Long-Term Outlook for XRP
Looking ahead, Michel remains optimistic about XRP’s future performance. He forecasts that, once the regulatory environment stabilizes and ETF approvals are granted, XRP’s price could rise significantly, moving from its current level of $2.40 to as high as $6, $7, $8, or even $9. Michel’s long-term outlook on XRP is bullish, driven by the growing adoption of its ecosystem and its increasing use in both traditional and decentralized financial markets.
Despite the short-term challenges, Michel’s confidence in XRP’s ability to overcome them is unwavering. He sees XRP not just as a cryptocurrency but as a key component of the global financial system — an infrastructure that is becoming increasingly relevant in today’s evolving financial landscape.
Conclusion
XRP’s true value lies not only in its price movements but in its broader role within the financial ecosystem.
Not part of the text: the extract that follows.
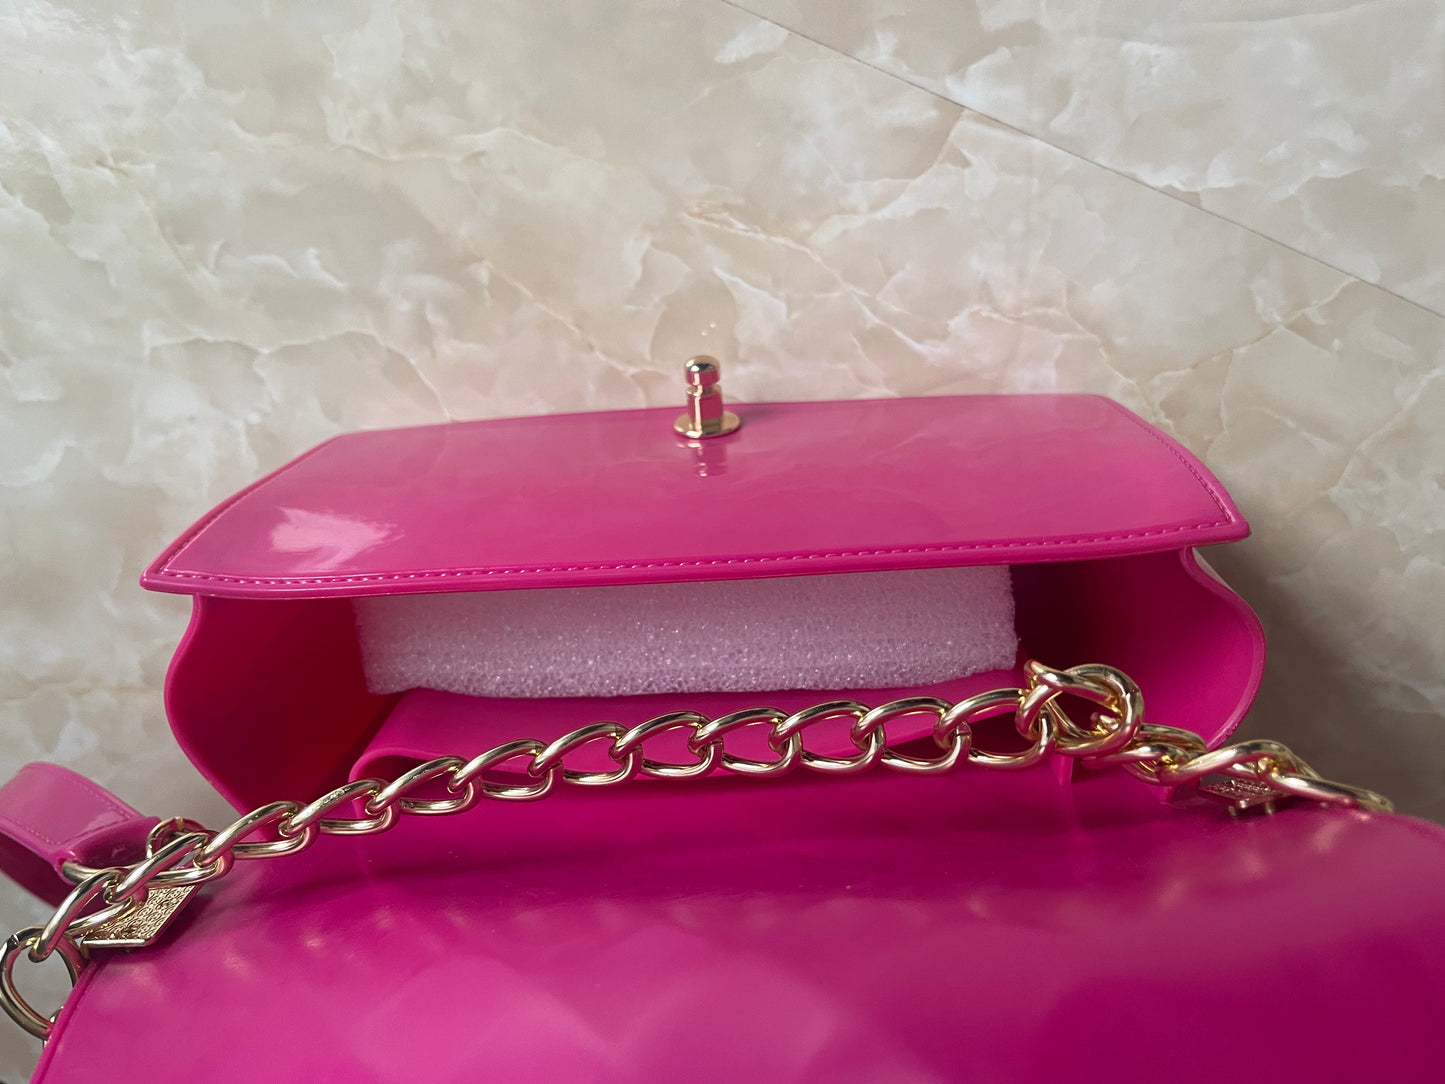 Pink jelly bag
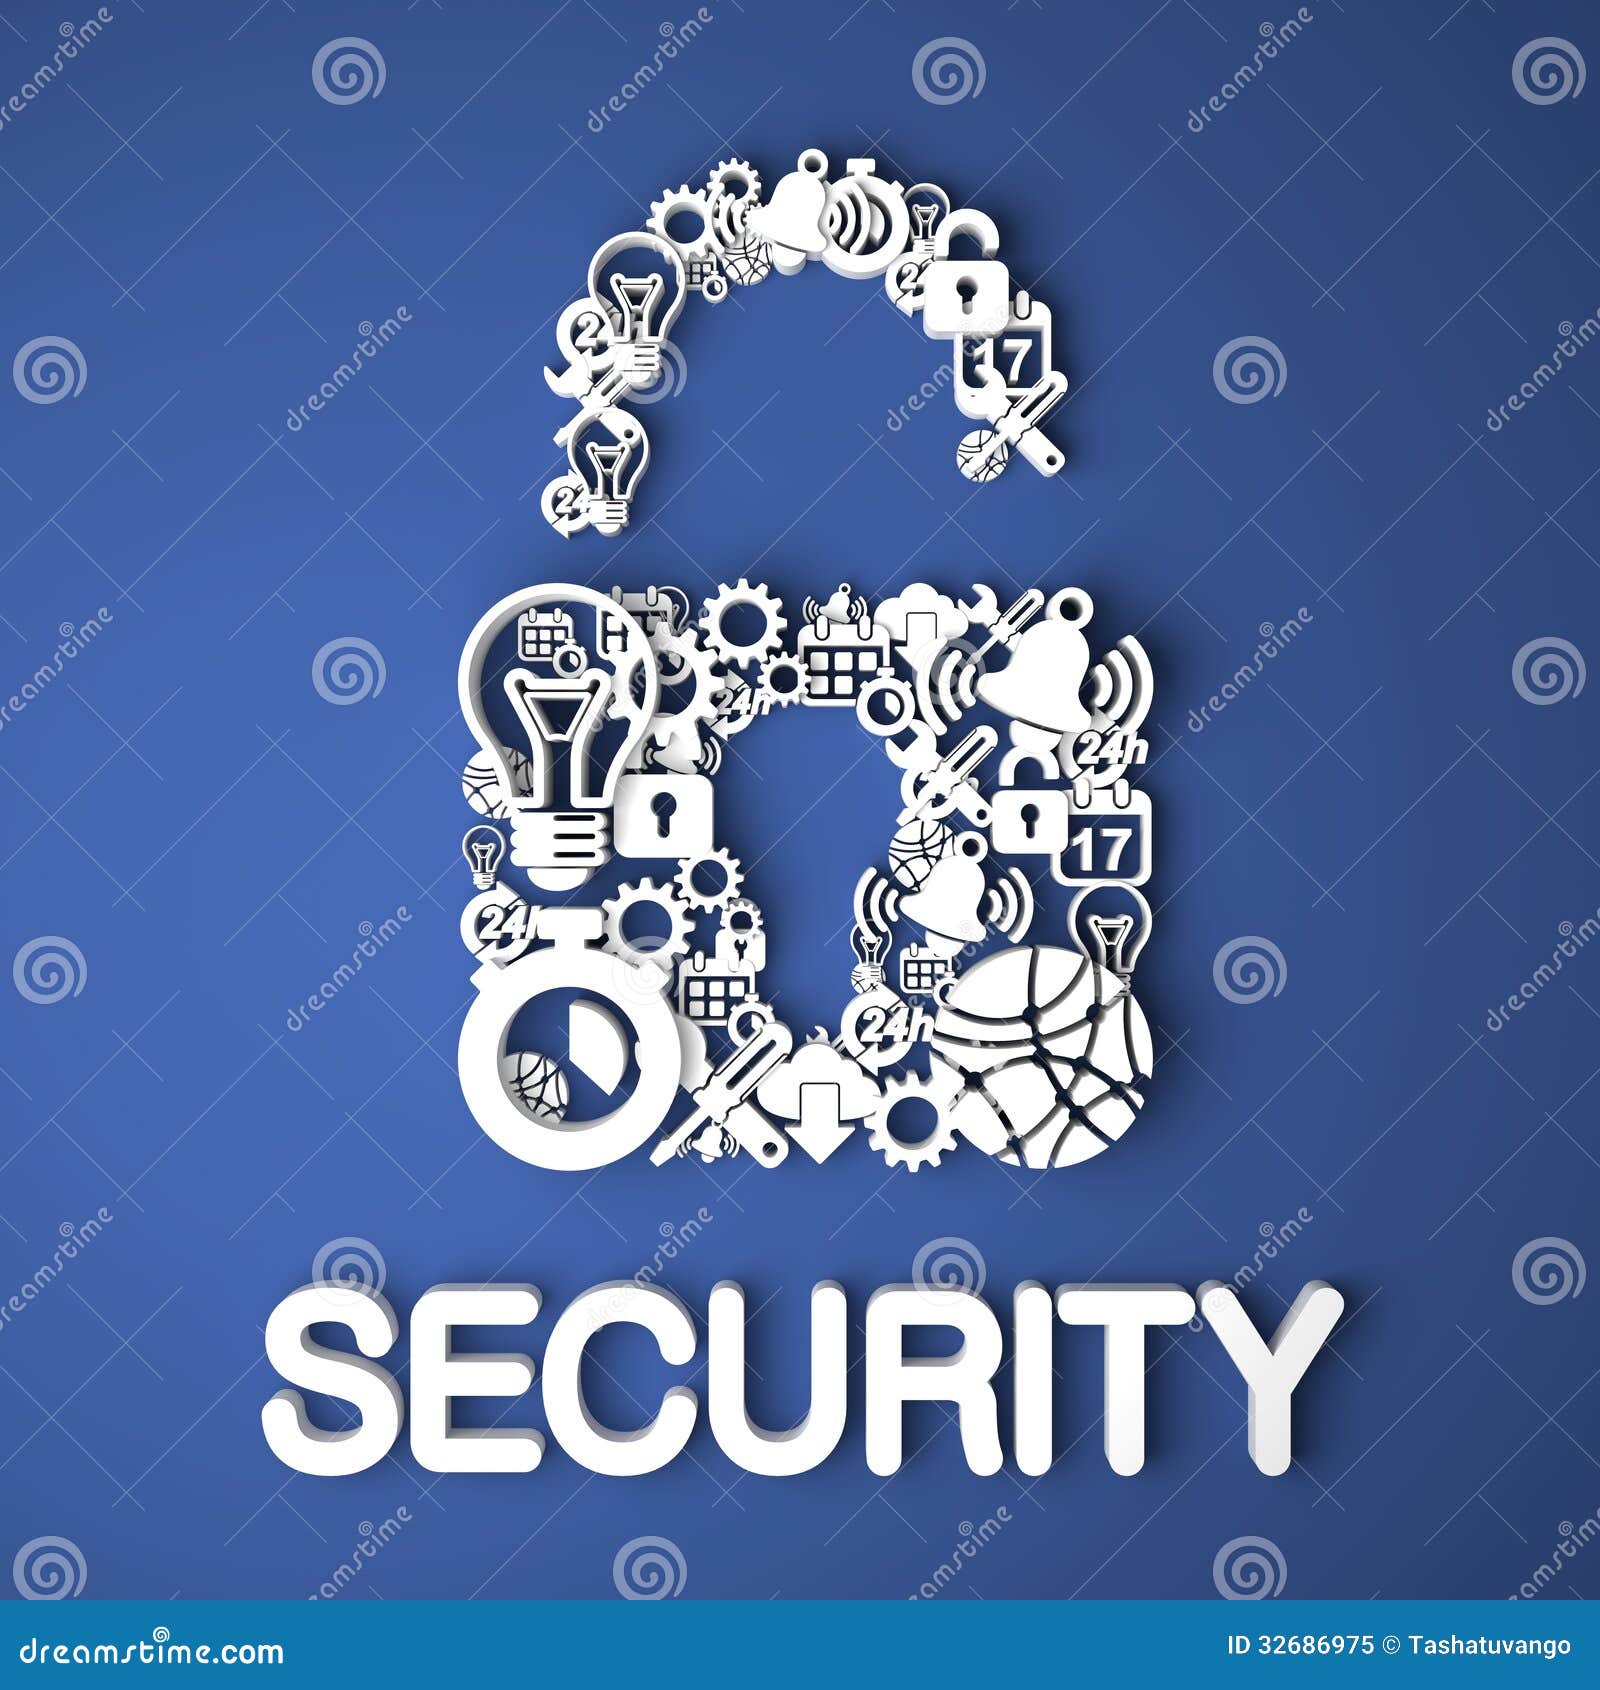 Web Security For Your Corporation 3

As Michel points out, Ripple’s technology is rapidly transforming the way traditional financial institutions operate, while the addition of institutional projects like Evernorth signals the growing legitimacy and utility of XRP in the long run. For investors and market participants, XRP represents more than just a coin — it is an integral part of the financial infrastructure of the future. With ongoing developments, regulatory clarity, and broader institutional adoption, the potential for XRP’s growth remains immense.